▸ THE DATA:
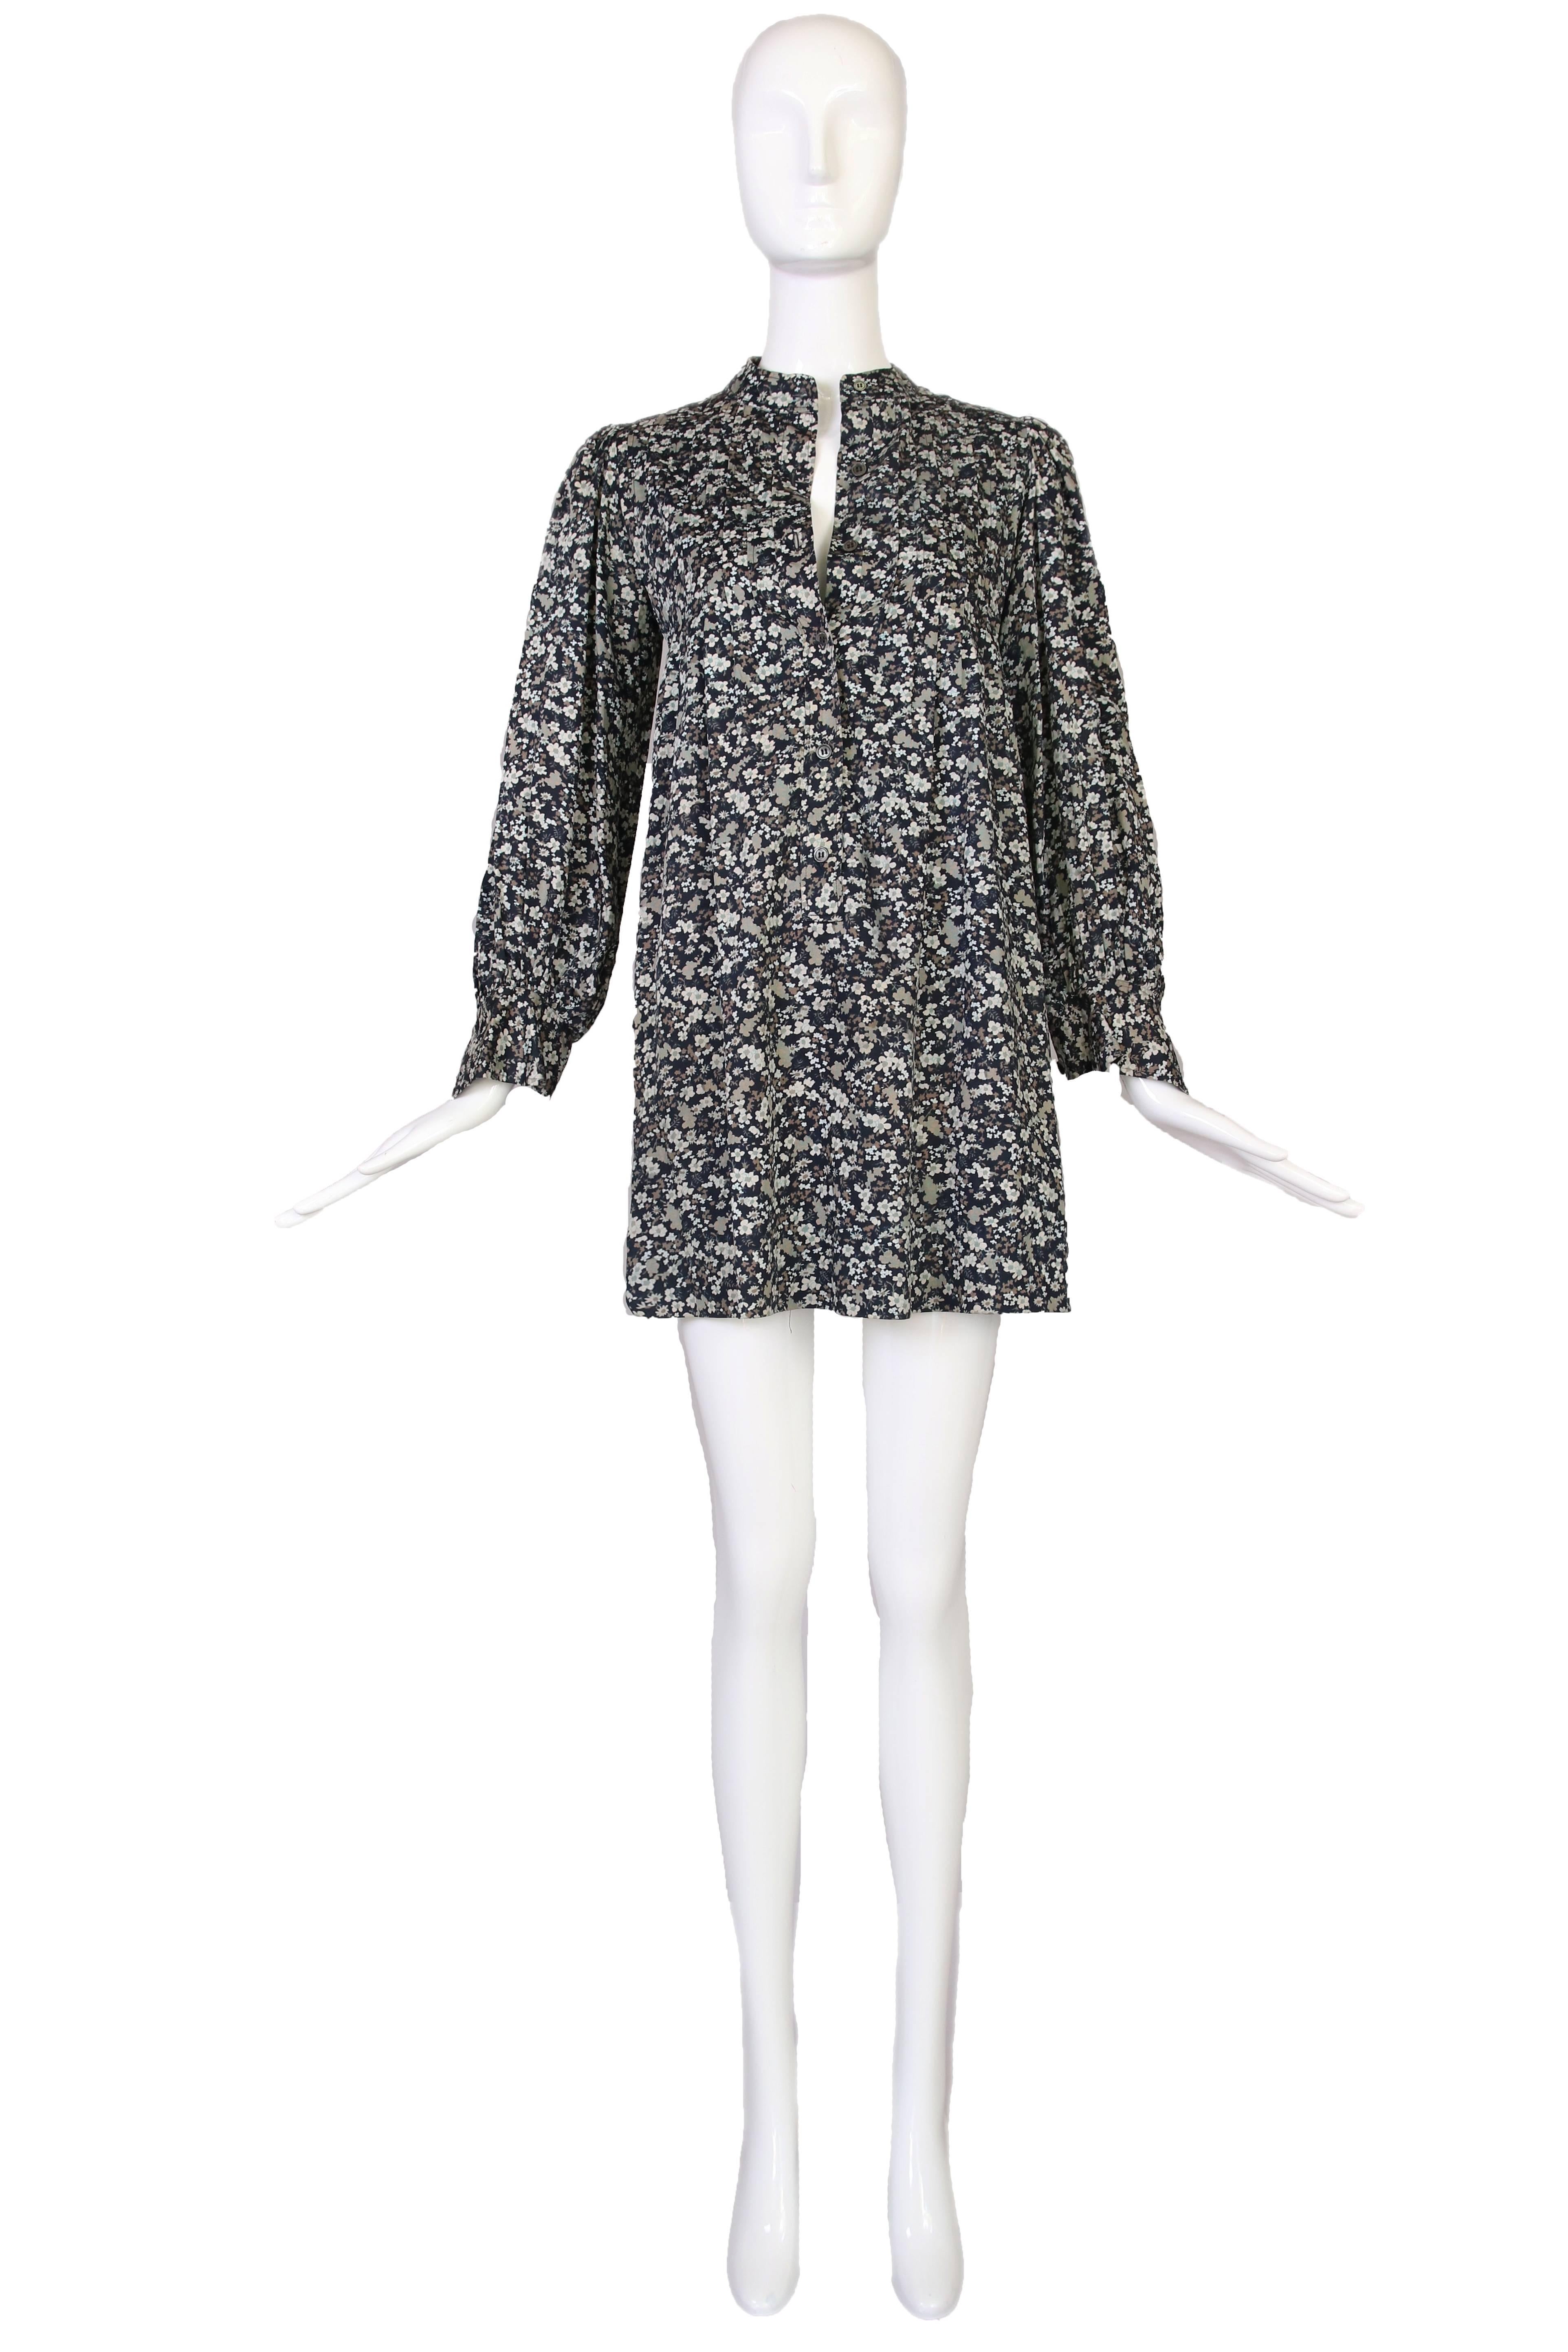 1970's Yves Saint Laurent boho cotton floral tunic top or short dress with smocking at the bodice and stand collar that buttons from mid-bodice to top of the collar. In excellent condition. Size 42.
MEASUREMENTS:
Bust - 34-36

▸ PROBLEM REQUIREMENTS: Omitting the pictures, write out the material above exactly as it stands.

▸ FINAL ANSWER:
 1970's Yves Saint Laurent boho cotton floral tunic top or short dress with smocking at the bodice and stand collar that buttons from mid-bodice to top of the collar. In excellent condition. Size 42.
MEASUREMENTS:
Bust - 34-36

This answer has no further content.